Infrastructure upgrades would be assumed largely to be on the transmission side of the business, or the “grid”. It is unlikely any large dams will be built, nuclear and coal are non-starters in B.C. Therefore, while building out new, or upgrading existing transmission infrastructure, does require significant capital, it is not at the same scale as a new hydro dam. Contrary to the utilities’ rationalization, the infrastructure upgrades demands are not large, relative to the existing businesses or assets. This is true for upgrades and ongoing repair and maintenance of existing facilities, such as dams.

Real interest rates are effectively at zero per cent. Canadian utilities bonds cost the issuer about five per cent annually, and are attractive in the world markets. Contrary to the utilities’ claims, financing for projects is neither expensive, nor difficult to secure.

None of the excuses given the public for the rate increases are valid. But don’t blame the utilities. Blame the BC Liberals, their protégés in the NDP and their enablers at the BC Utilities Commission.

From BC Hydro’s 2009 financial report we get this quote: “For many years we have relied on the firm, reliable power generated from our heritage hydroelectric assets. But these dams and infrastructure, built in the 1950s, ‘60s and ‘70s, require significant reinvestment. And we need to add new sources of clean, renewable power to our system to meet demand for reliable power.”

The final sentence is cryptic and significant. Since there will be no new “traditional” power generation developed in B.C. anytime soon, and the actual cost of current generation, transmission and distribution is stable or lower, the actual reason for rate increases is to finance “new sources of clean, renewable power...”

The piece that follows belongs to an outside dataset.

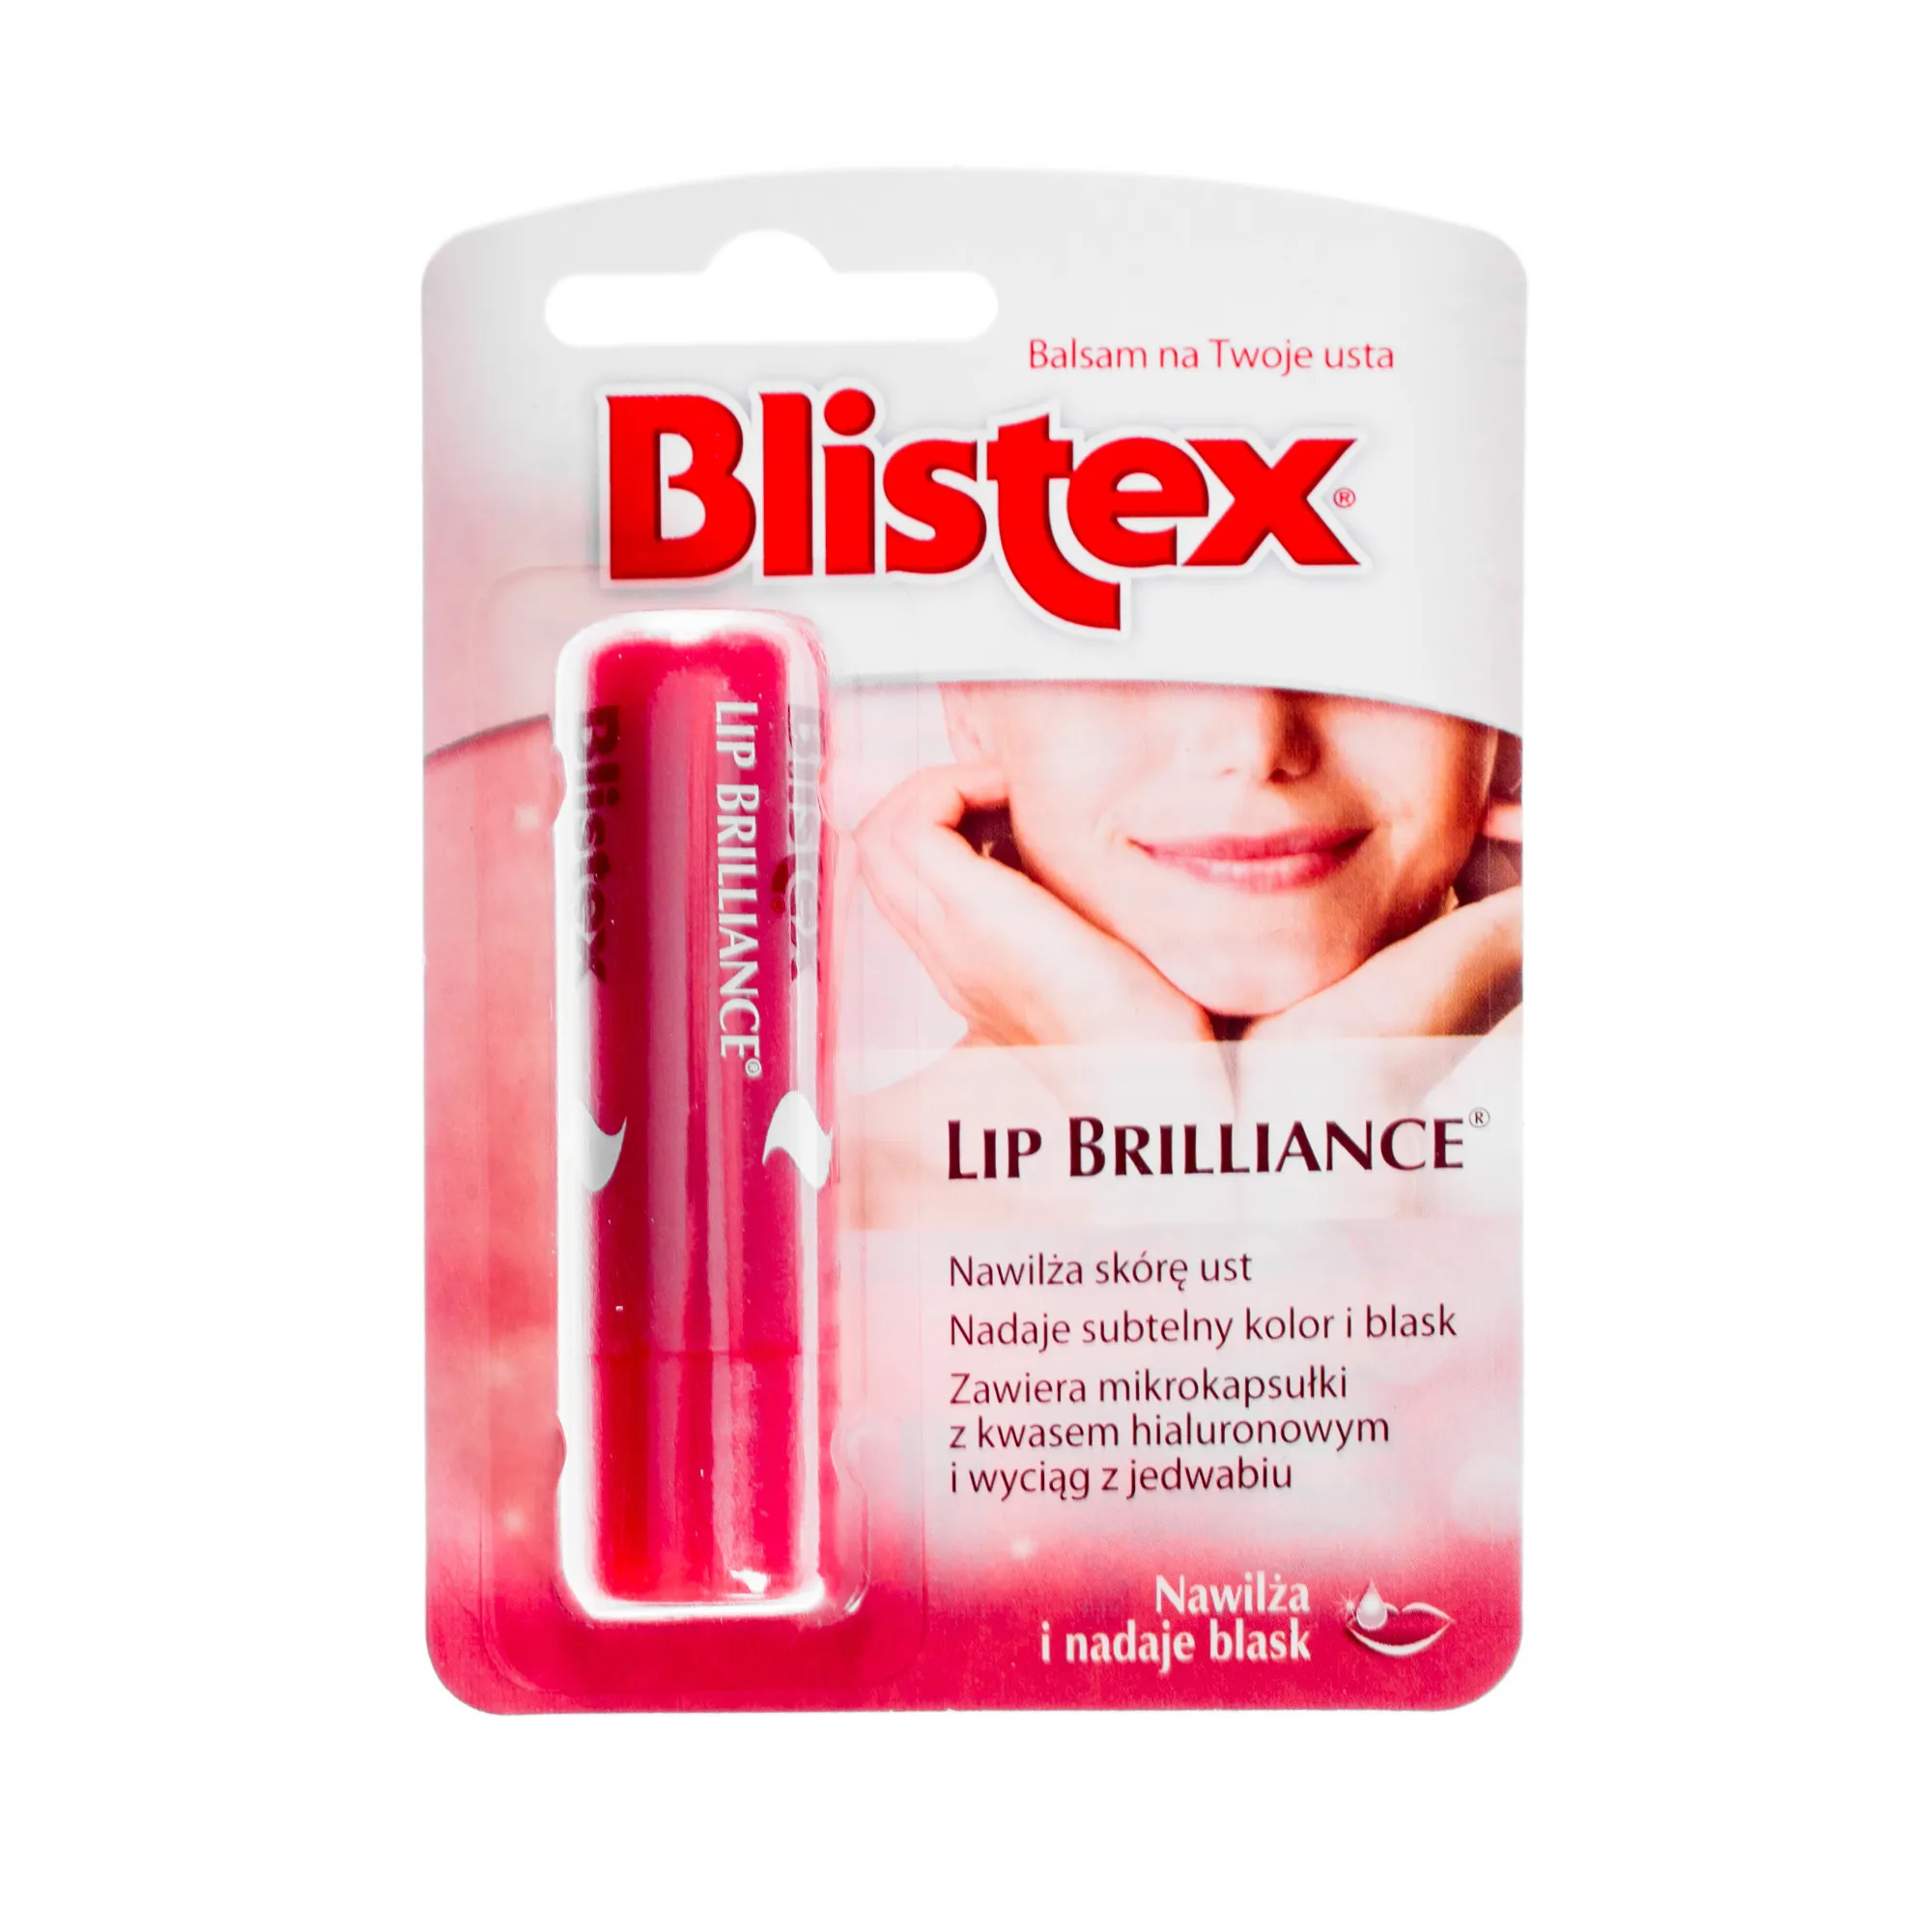 Blistex Brillance, balsam na twoje usta nawilża i nadaje blask, 3,7 g

Around the world these sources of clean, renewable (and demonstrably unreliable) power are two to seven times the cost of traditional power generation. The same will true in B.C. — amplified by the fact that, because of our abundant, largely publicly financed hydro generation capacity, we enjoy some of the lowest priced electricity in the world. This advantage is coming to an end, and it is ending as a result of provincial government policy to “go green”.

Do not expect your electric rates to stabilize or decrease as the utilities are mandated to buy and develop inefficient and expensive “renewable” energy in the years to come. In addition, expect to pay more for all forms of energy in the form of surcharges and taxes to further subsidize the folly of renewable energy. Ontario is experiencing these impacts today — we’re next.

Unless and until the voters of B.C. direct the government to abandon its green agenda, and seriously consider developing proven, traditional sources of energy, 12 per cent annual increases in electric rates will become the norm — and may begin to look reasonable. Something to consider when you’re choosing you next MLA.

Mark Walker is the publisher of the Penticton Western News.